February 24, 2022

Salk Institute mourns the passing of Paul Farmer, champion of global health equity

Salk Institute pays tribute to noted humanitarian and inaugural Salk Medal winner

Salk News


Salk Institute mourns the passing of Paul Farmer, champion of global health equity

Salk Institute pays tribute to noted humanitarian and inaugural Salk Medal winner

LA JOLLA—The Salk Institute mourns the loss of Paul Farmer, MD, PhD, a champion of global health equity and recipient of the inaugural Salk Institute Medal for Health and Humanity in 2005 (now known as the Salk Medal for Public Service). Farmer died in his sleep in Rwanda on February 21. He was co-founder and chief strategist of Partners In Health, an international non-profit organization that provides health care, infrastructure and advocacy for the communities that need it most. He was also professor of medicine at Harvard Medical School and chief of the Division of Global Health Equity at Brigham and Women’s Hospital.

Paul Farmer
Paul Farmer accepting the inaugural Salk Institute Medal for Health and Humanity in 2005.
Click here for a high-resolution image.
Credit: Salk Institute

In the resource-poor settings of Haiti, Rwanda and elsewhere, Farmer and Partners In Health established community-based health systems that deliver high-quality care for hundreds of thousands of people; built schools, sanitation and water systems; vaccinated children; reduced the rates of HIV transmission; and treated people with drug-resistant strains of tuberculosis. Through his work, writings and advocacy, Farmer helped raise awareness of health, human rights and the consequences of social inequality.

Farmer received the Salk Medal for dedicating his life to improving the treatment of diseases that disproportionately affect the world’s poor and underserved.

“Like so many around the world, we are deeply saddened by Paul Farmer’s passing,” says Salk President Rusty Gage. “He was a trailblazer and an advocate, and he showed us through his actions how to change the world for the better.”
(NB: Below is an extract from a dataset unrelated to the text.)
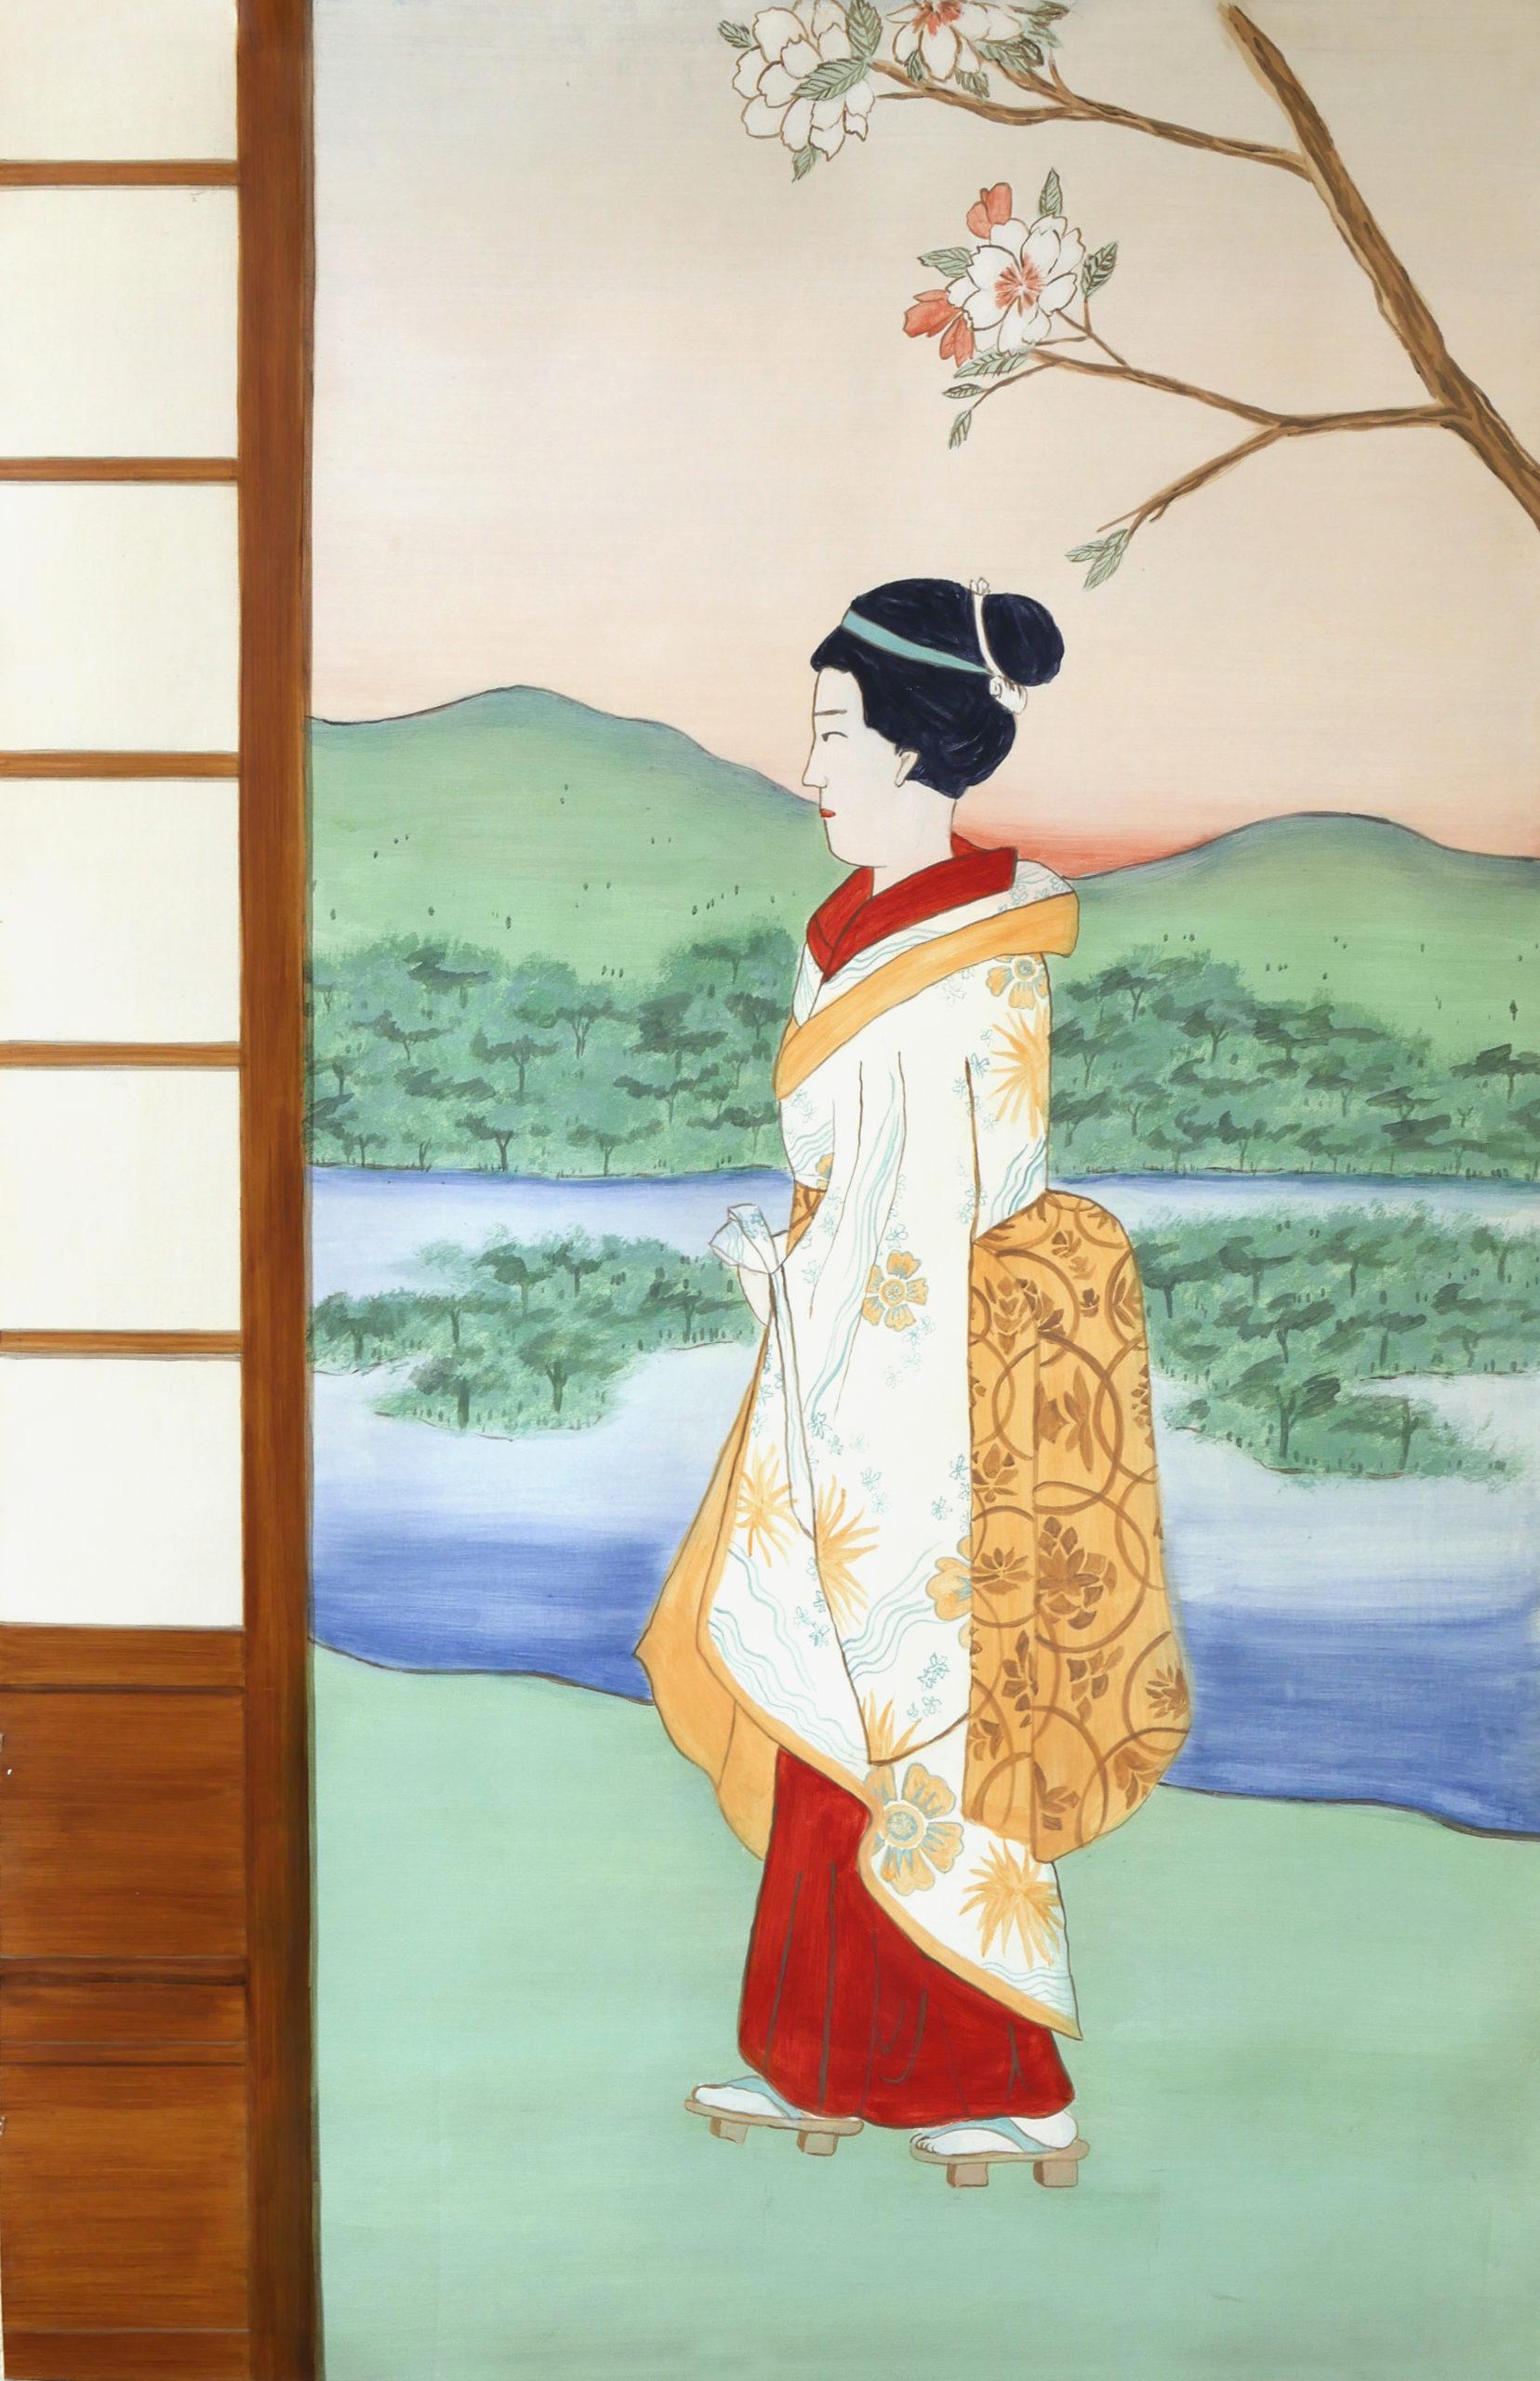 Peinture murale façon estampe japonaise, peinture à la caséine, technique ancienne. Assilem décors, peintre en décor Bordeaux, décoration intérieure, peinture décorative
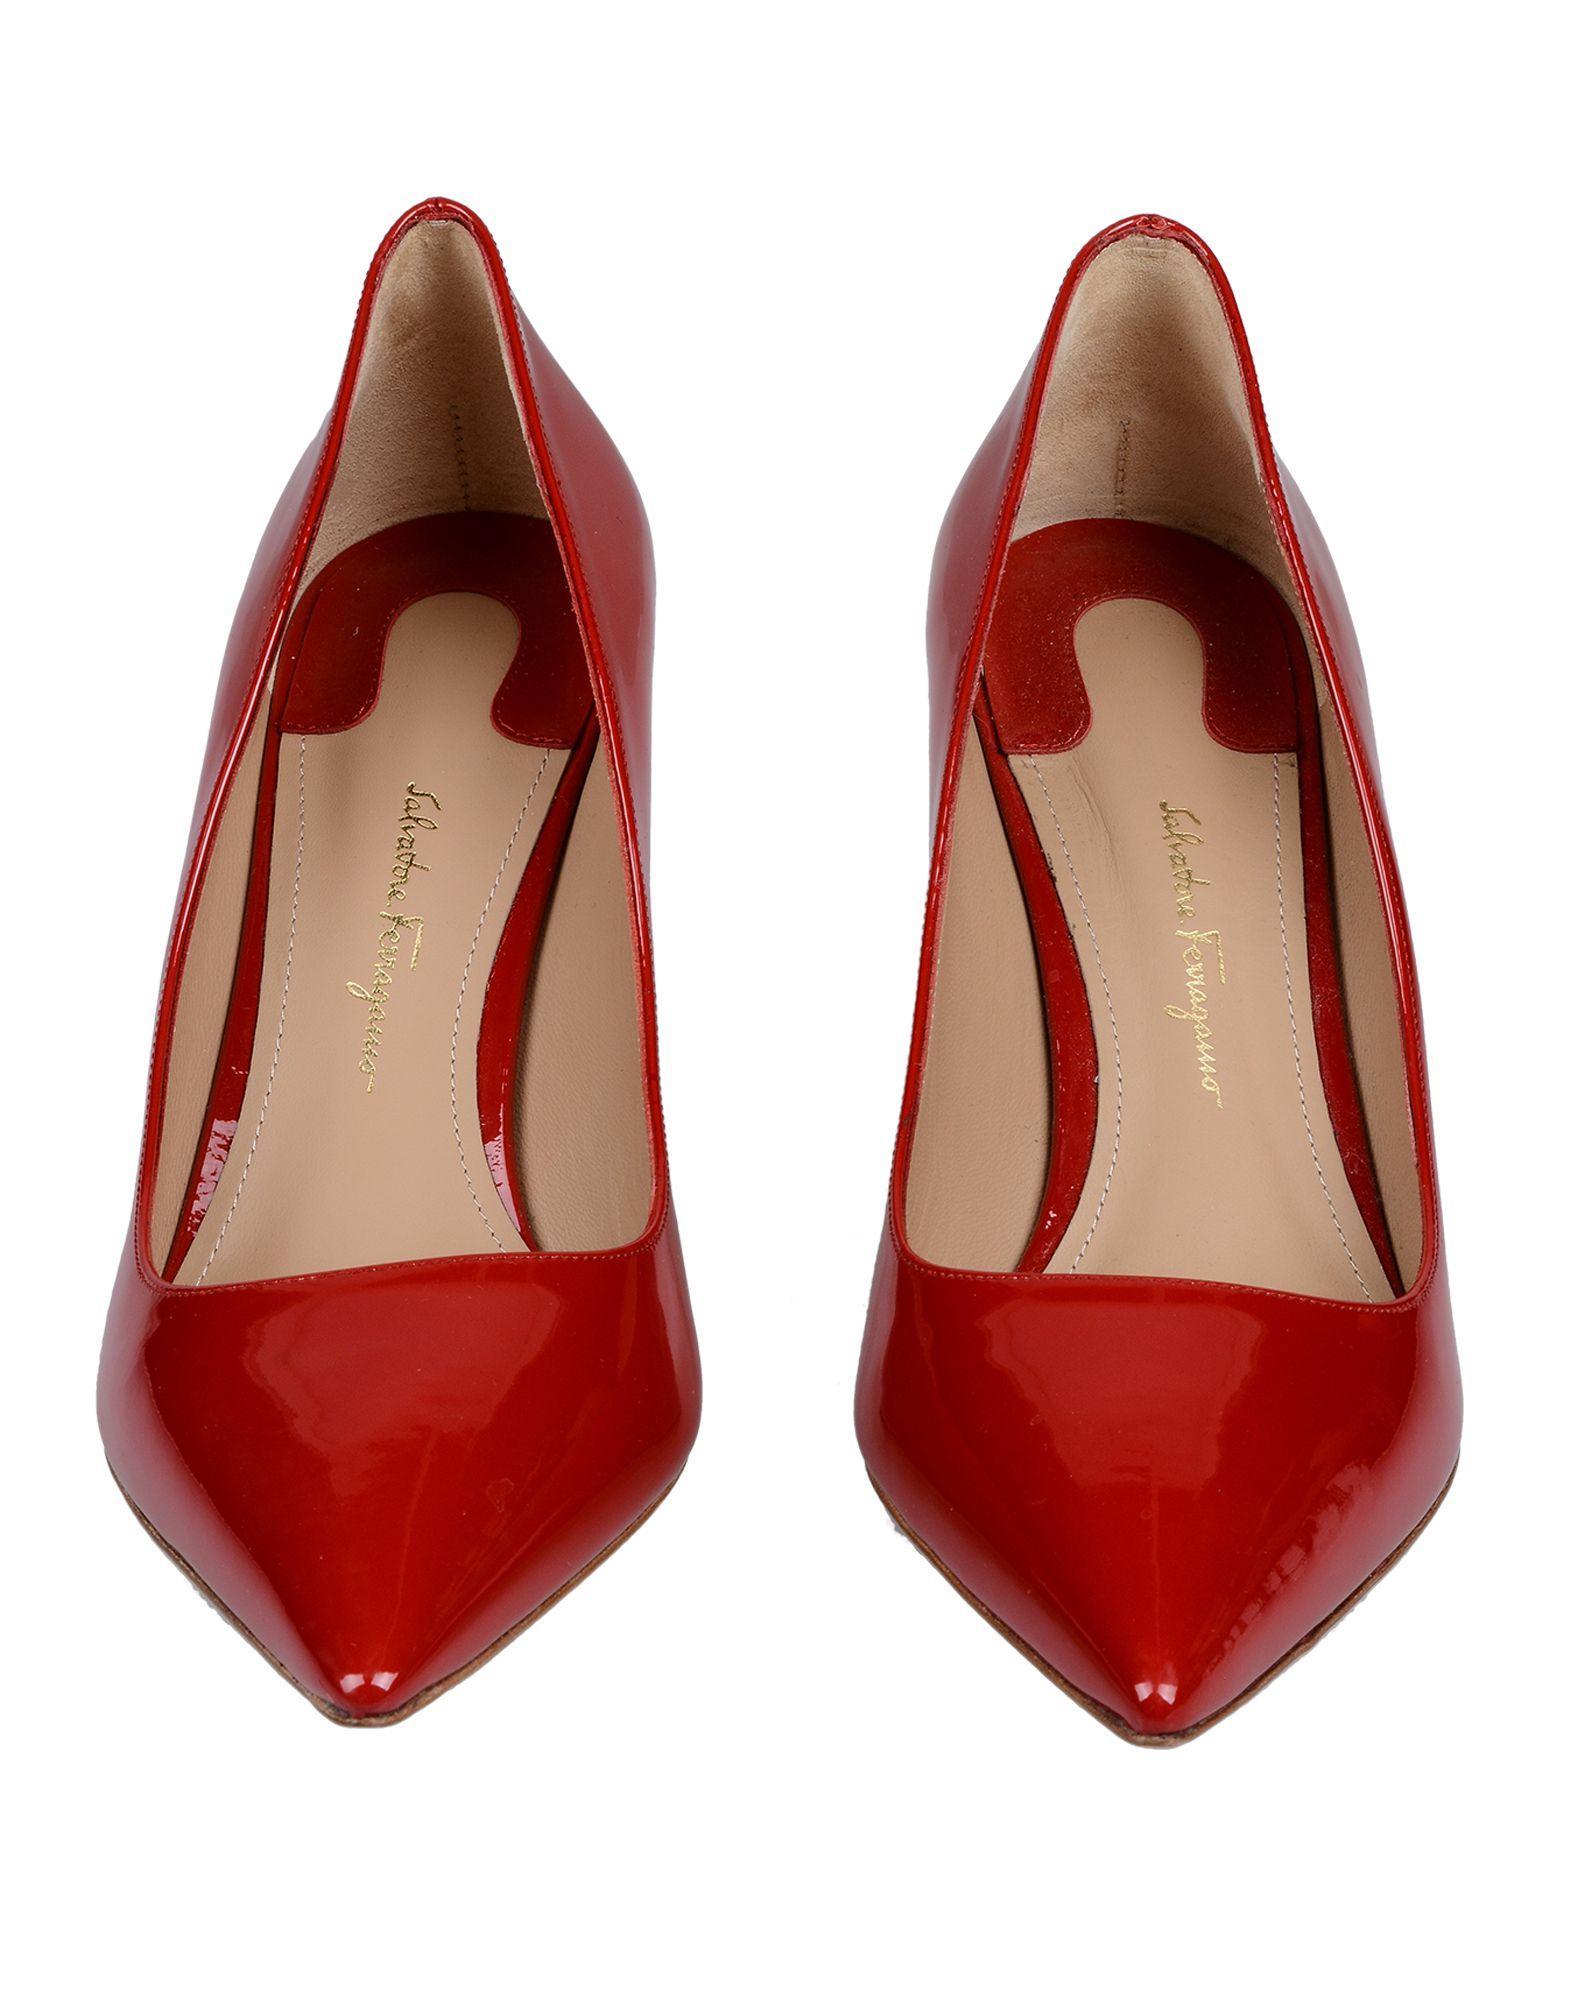 Zapatos de salón Ferragamo de Cuero de color Rojo

In addition to authoring multiple books, Farmer was a member of the American Academy of Arts and Sciences, Institute of Medicine and National Academy of Sciences. He received many awards and recognitions throughout his career, including the 2018 Public Welfare Medal from the National Academy of Sciences and the 2021 Berggruen Prize, awarded annually to an influential thought leader. Farmer’s accomplishments are described in the popular book, Mountains Beyond Mountains: The Quest of Dr. Paul Farmer, a Man Who Would Cure the World, by Tracy Kidder.

“This is very sad news—he did so much good for humanity and had more to do,” says Salk Professor Tony Hunter. “The 2005 Salk Medal was one of his earliest awards, and I sat across from him at the award ceremony and dinner. He said how much it meant to him because Jonas Salk’s philosophy had been that everyone should benefit from the polio vaccine.”

“One cannot say enough about the humanity of Paul Farmer and the legacy he leaves,” says Salk Professor Martyn Goulding. In reading Mountains Beyond Mountains, I was struck by how his humble beginnings shaped his humanity and dedication to social justice.”